Я иду по 116-й улице. Справа широкая зеленая лента Южного поля, слева невысокие ступени, ведущие к Нижней Библиотеке. Я помню Южное поле во времена, когда оно было атлетическим полем в центре Кампуса: коричневая грязь, дорожки, забор. Первый год я играл там в софтбол. Мы переодевались в раздевалке университетского холла и затем, надев кеды, рубашки-поло, унылые серые трусы и, чувствуя себя голыми рядом с другими студентами в костюмах или форменной одежде, сбегали по солнечным ступенькам к Южному полю, чтобы часок погонять мяч. Я хорошо играл в софтбол. Не слишком много мускулов, но быстрая реакция и хороший глаз; к тому же я имел преимущество, зная, что замышляют соперники. Он стоял и думал: «Этот парень слишком дохлый, подам-ка я ему высокий и быстрый пас». Я был готов к этому и, отбивая мяч в левое поле, подбегал к нужному месту раньше, чем остальные соображали, что происходит. С другой стороны, применяя такую стратегию бей-и-беги, я без всяких усилий передвигался по полю, организуя всю игру. Конечно, это был всего лишь софтбол и мои соученики в большинстве своем не умели даже бегать, не то что читать мысли, но я наслаждался незнакомым счастьем быть выдающимся атлетом и в своих фантазиях играл за «Доджеров». «Бруклинские Доджеры», помните? Позднее Южное поле превратили в прекрасное, покрытое травой место для зрелищ, разделенное мощеными дорожками. Это сделали к 200-летнему юбилею Университета, что случилось в 1954 году. Господи, как давно это было. Я старею… Я старею… Поют русалки. Не думаю, что они поют для меня.

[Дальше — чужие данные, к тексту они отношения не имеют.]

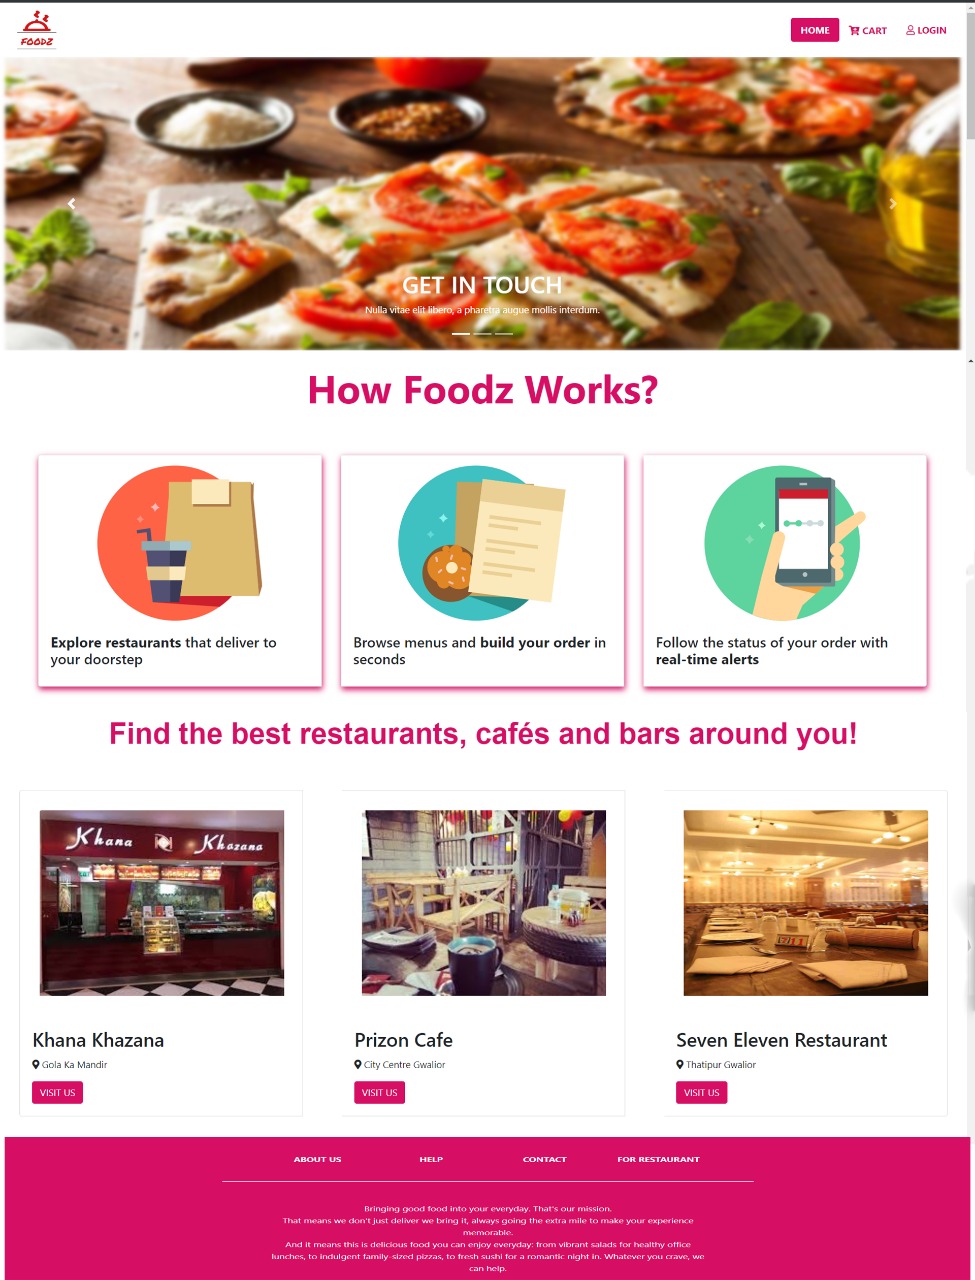 Foodz: An Online Food Ordering Website
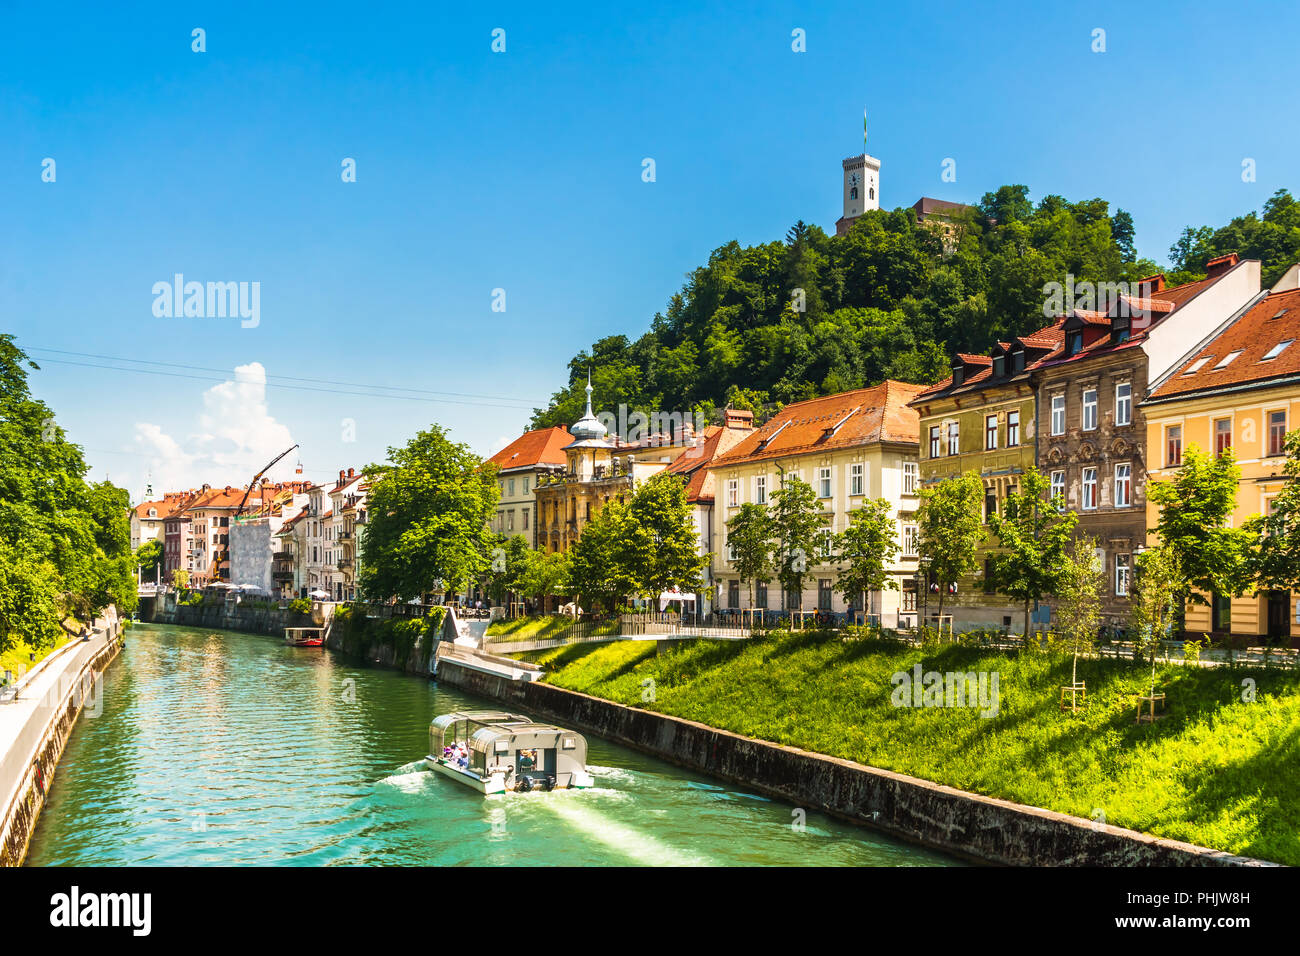 Medieval buildings and ljubljanica river in Ljubljana - Slovenia Stock Photo

Я поднялся по ступенькам и сел в пятнадцати футах от бронзовой скульптуры Альма Матер. Это – мой офис и в прекрасную погоду, и в скверную. Студенты знают, где меня искать, и слух о том, что я здесь, распространяется быстро. Услуги, подобные моим, оказывают еще пять или шесть человек – в большинстве своем безденежные неудачливые студенты старших курсов, – но я – самый быстрый и надежный. Впрочем, сегодня дело движется что-то слишком медленно. Я сижу уже двадцать минут, поерзывая, то глядя в Бекетта, то уставясь на Альма Матер. Несколько лет назад какой-то террорист проделал дыру в ее боку, но теперь от повреждения не осталось и следа. Я помню, что был шокирован этой новостью. Думаю, это случилось году в 1969-м.

– Мистер Селиг?

Я увидел большого загорелого парня. Колоссальные плечи, пухлое невинное лицо. Он был ужасно смущен. Ему срочно был нужен реферат по романам Кафки, которые он не читал. (Шел футбольный сезон. Он – начинающий полузащитник и очень-очень занят.) Я изложил ему условия, и он поспешно согласился. Пока он стоял здесь, я быстренько пробежал его мысли, узнавая его интеллектуальный уровень, возможный словарь, стиль изложения. Он умнее, чем выглядит внешне. Как и большинство из них. Они довольно хорошо писали бы отчеты сами, если бы имели на это время. Я набросал заметку, основываясь на моем впечатлении от него, и он ушел весьма довольный. После чего дело пошло на лад: он передал другу, Друг своему другу – и дальше эта цепочка тянулась до полудня. Наконец я понял, что сделал все, что мог. Я знаю свои способности. Итак, все отлично. Две или три недели я буду регулярно питаться, не открывая кран ворчливой щедрости сестры. Юдифь будет рада не слышать ничего обо мне. Домой, сейчас же, исполнять свою задачу. Я хорош – красноречив, усерден, глубокомыслен на убедительно второкурсный лад – и умею менять стили. Я знаю достаточно о литературе, психологии, антропологии, философии, всех гуманитарных предметах.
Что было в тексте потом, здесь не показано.